Além disso, a gente tem priorizado o contexto de formação política, social e educacional, tanto nos nossos quadros quanto nas nossas bases. A gente precisa sentar, estudar e pensar sobre a temática LGBT. A gente precisa estudar sobre trabalho, sobre educação, sobre saúde e é apenas através da formação que a gente vai conseguir avançar. A gente tem priorizado ações nesse sentido, tanto de formar os nossos quadros nesse contexto, porque eles precisam estar preparados para fazer um enfrentamento político, mas também a comunidade de modo geral. Formação para as nossas bases e também além delas, furando bolhas. Um exemplo é esse projeto de formação em atendimento humanizado e educação permanente em saúde da população LGBT, que eu tinha mencionado anteriormente.
A UNA tem uma característica de interiorização. Em Santa Catarina, por exemplo, ela está presente em mais de uma cidade. Tem existido um diálogo intermunicipal entre vocês?
Sim, sim. Tem tido um diálogo interessante entre as municipais.

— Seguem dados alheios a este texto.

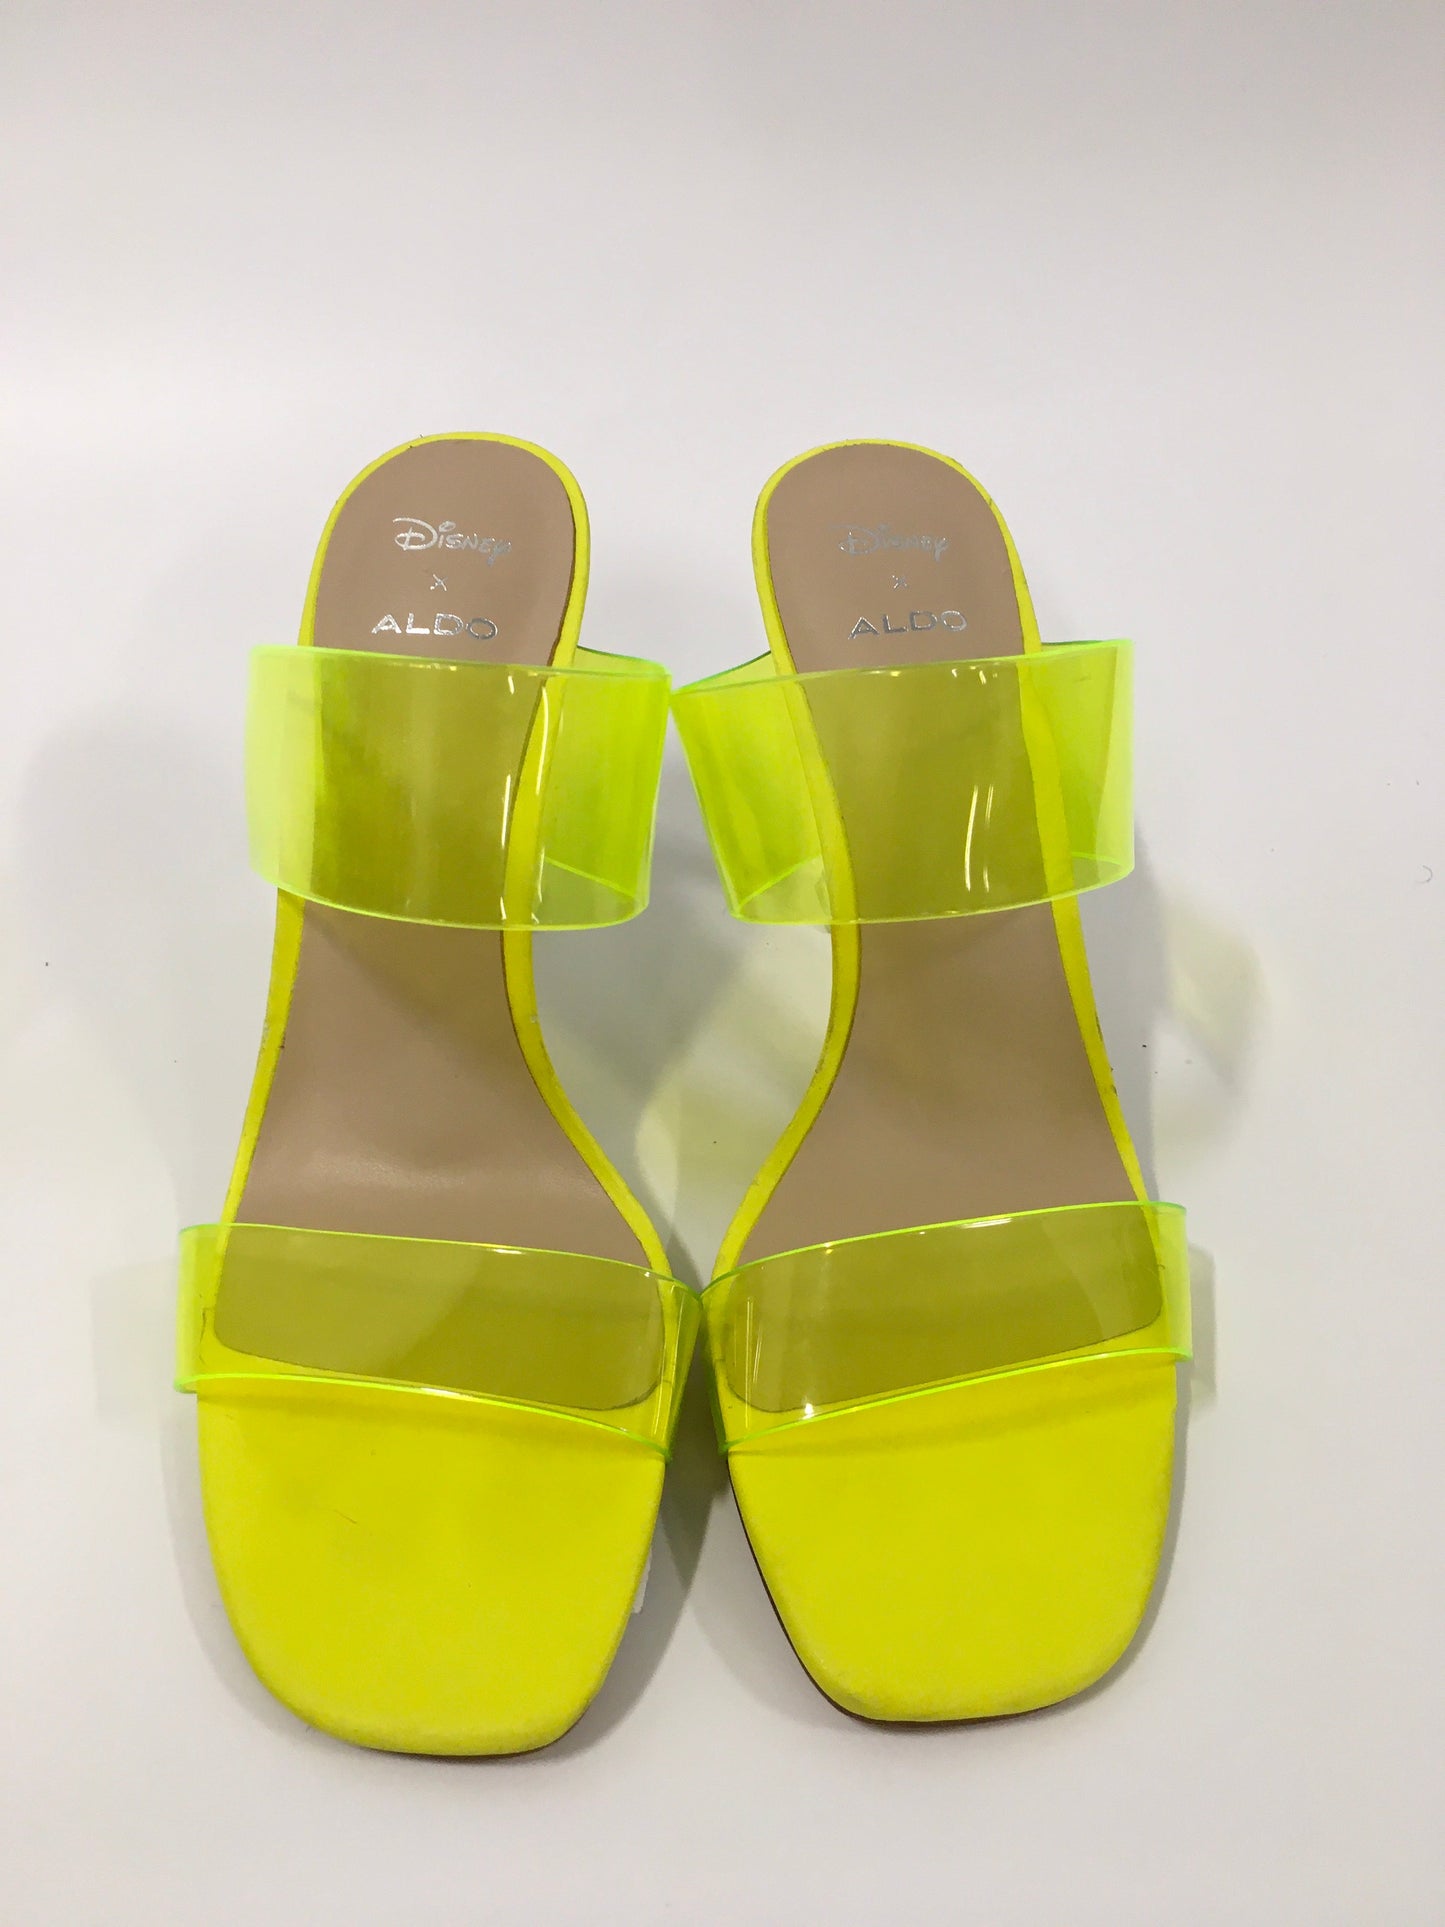 Neon Shoes Heels Stiletto Aldo, Size 7.5

É um diálogo em parceria. A gente entende que é filha da mesma entidade. Temos a UNA, que é nacional, e temos as frações municipais. As frações municipais são uma irmã da outra. Isso tem acontecido aqui no Oeste de Santa Catarina.
A nossa relação é muito próxima com a UNALGBT de Xaxim, de Xanxerê, de Caçador, de Pinhalzinho. Se a UNA Pinhalzinho está fazendo uma parada, a gente vai participar. A nossa participação é importante enquanto entidade. Bem como, hoje, a gente tem a Parada aqui em Chapecó e a gente vai ter a participação das diferentes UNAs, de diferentes regiões do estado. Mas o desafio que eu tenho percebido é estreitar esses laços. E talvez a gente precise, enquanto municipal, pensar em espaços de formação mais coletivos. Porque a gente tem se apoiado muito enquanto protagonistas das nossas lutas, mas talvez unindo as nossas forças na formação política, a gente terá mais força.
Esse tem sido um desafio e tem sido algo que eu tenho enxergado como necessário e uma possibilidade. Precisamos nos unir, porque a luta social avança apenas no coletivo.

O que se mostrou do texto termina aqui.